Task goal → Print the listing in its entirety and exactly, leaving out images.

Information supplied →
-*-*-

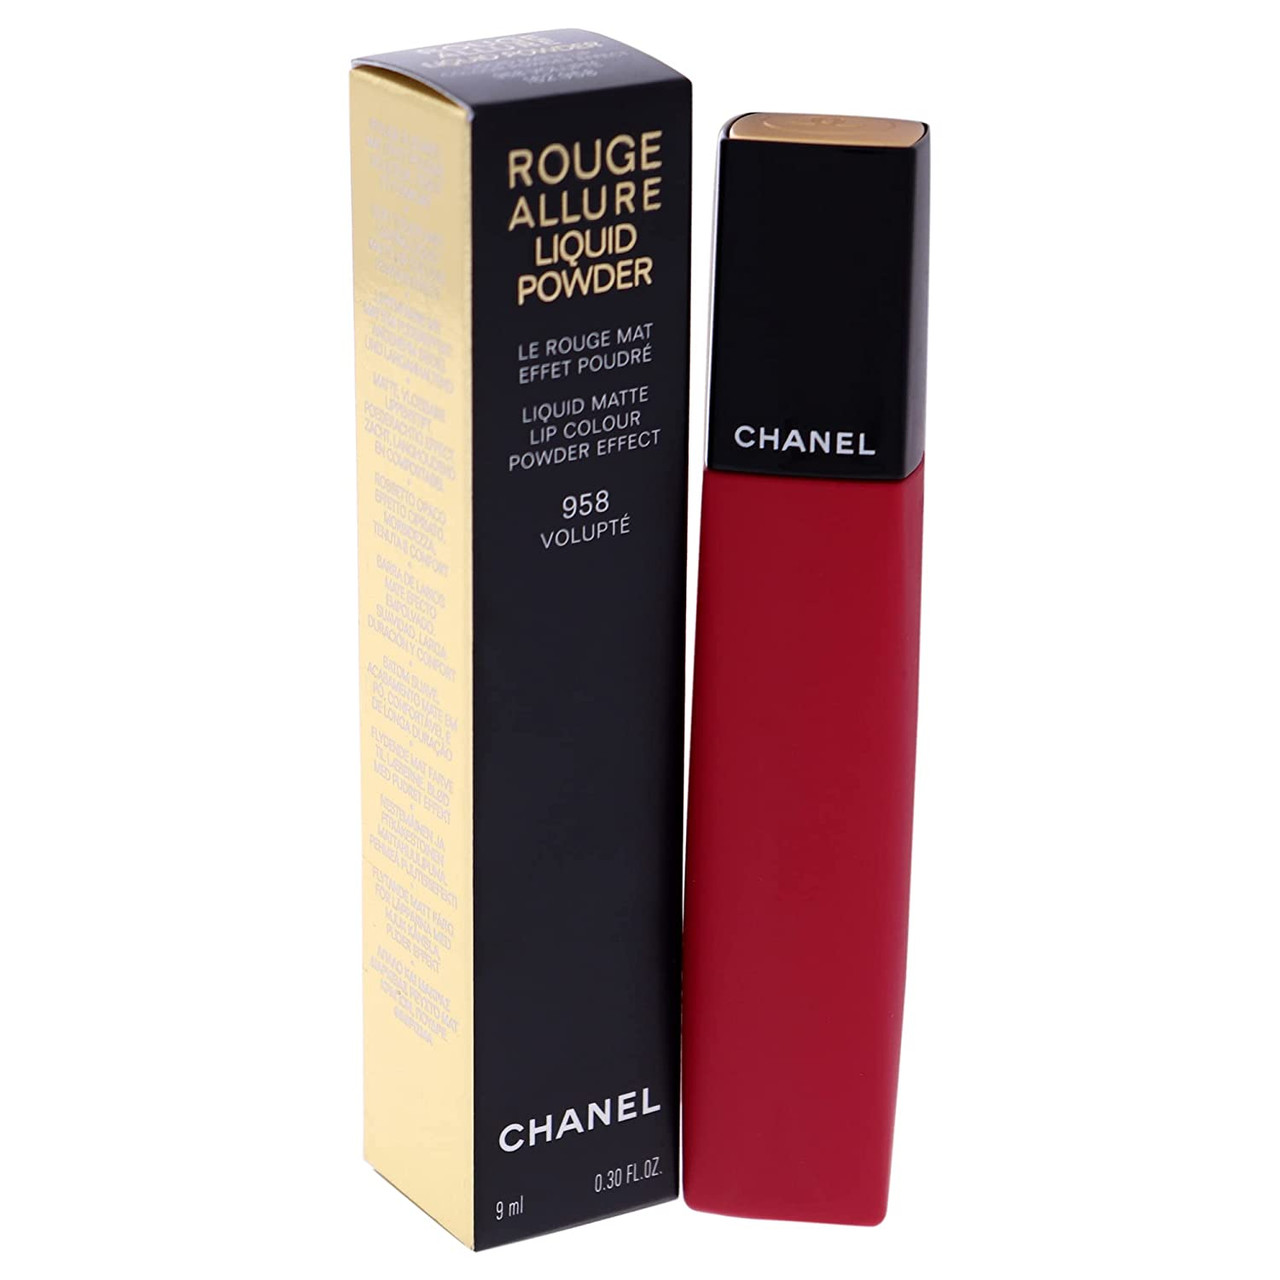 Chanel Rouge Allure Liquid Powder - 958 Volupte Women Lipstick 0.3 oz
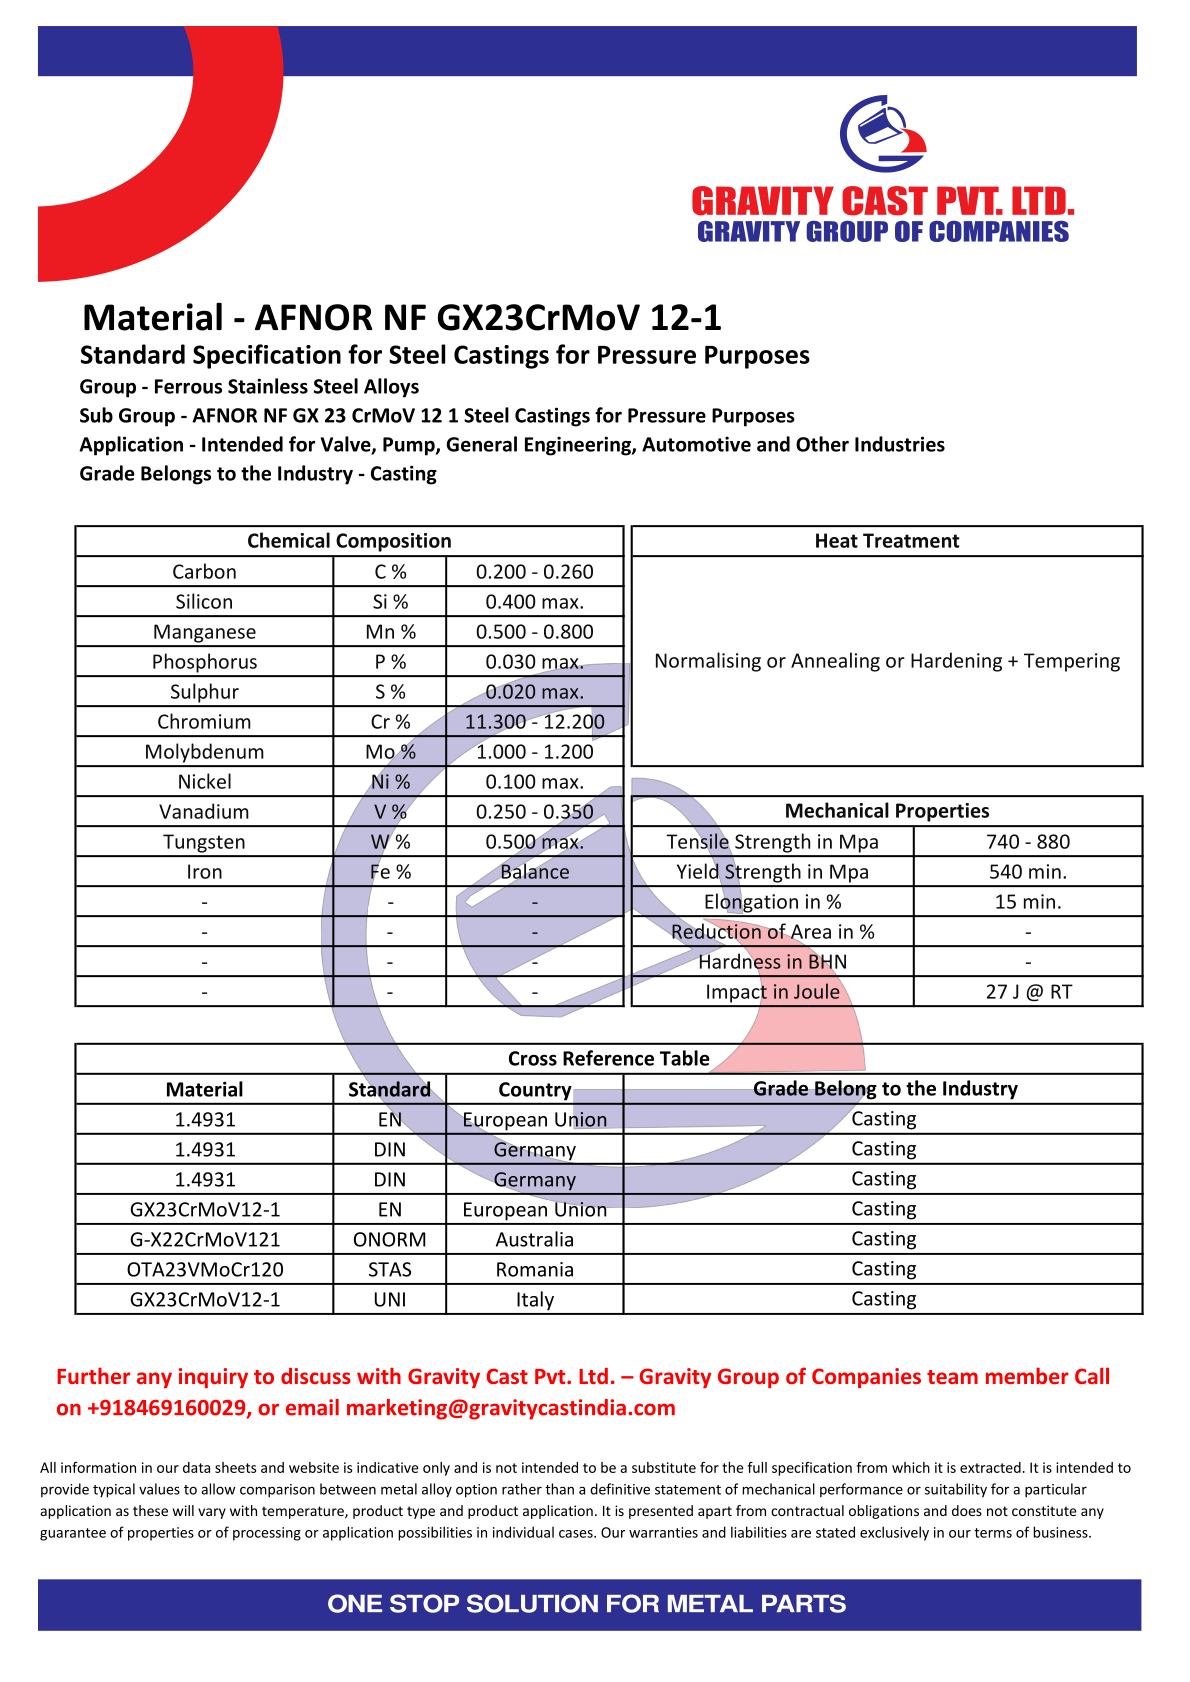 AFNOR NF GX23CrMoV 12-1.pdf
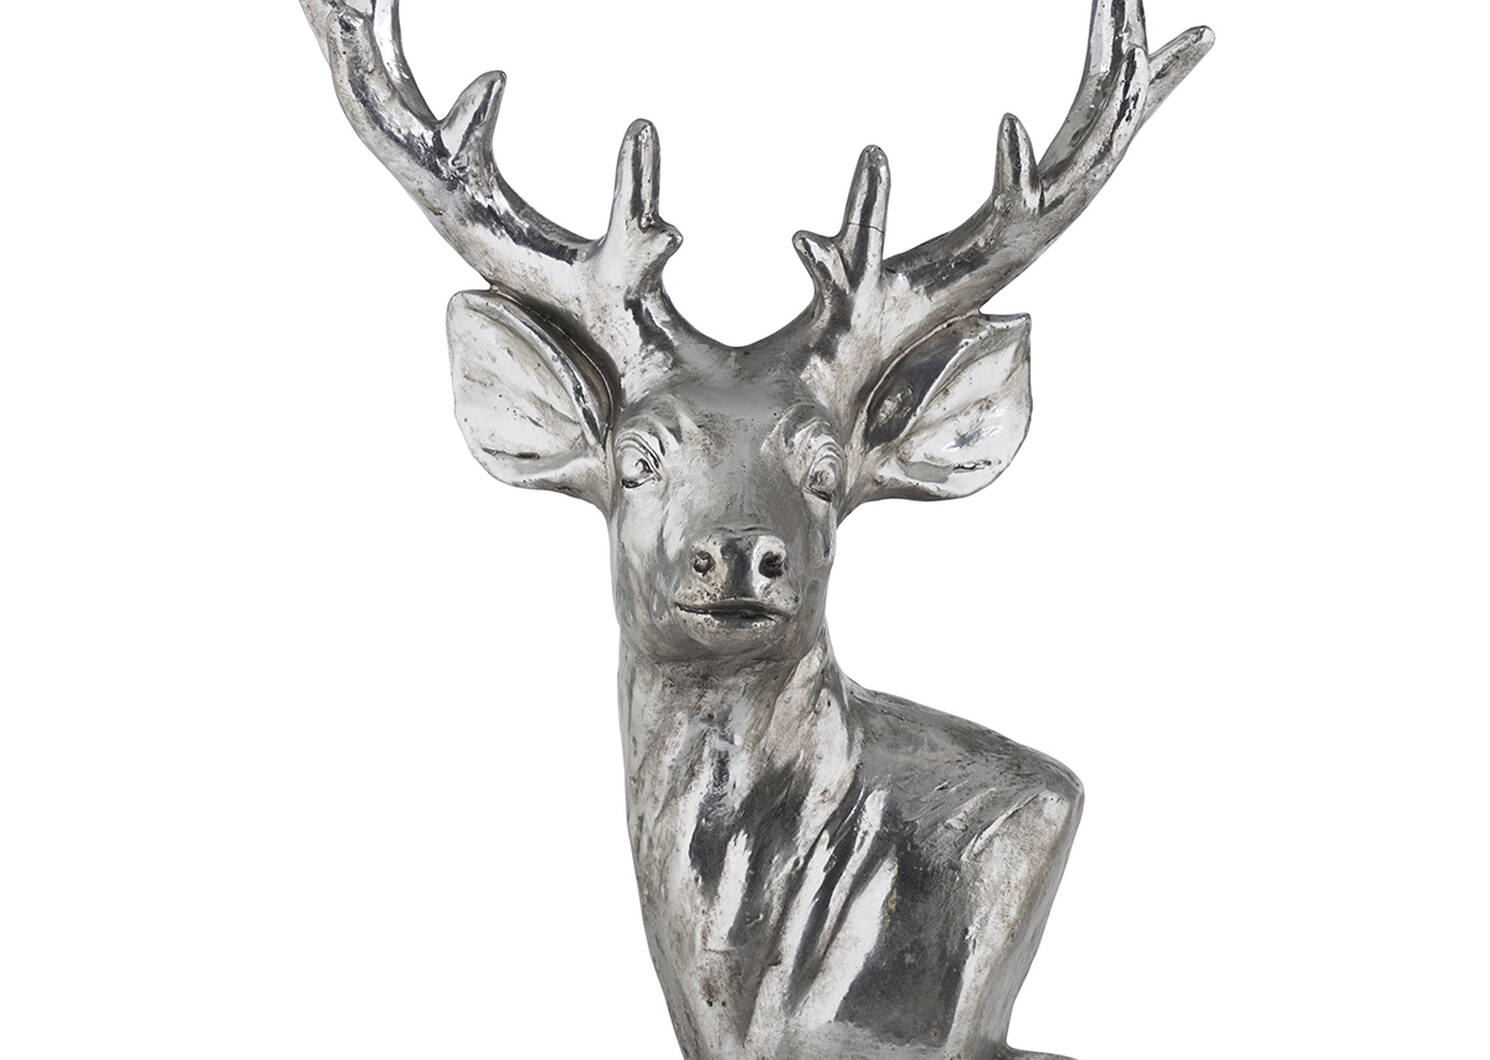 Diego Deer Head Decor Silver

-*-*-

Answer for the task →
 Chanel Rouge Allure Liquid Powder - 958 Volupte Women Lipstick 0.3 oz
 AFNOR NF GX23CrMoV 12-1.pdf
 Diego Deer Head Decor Silver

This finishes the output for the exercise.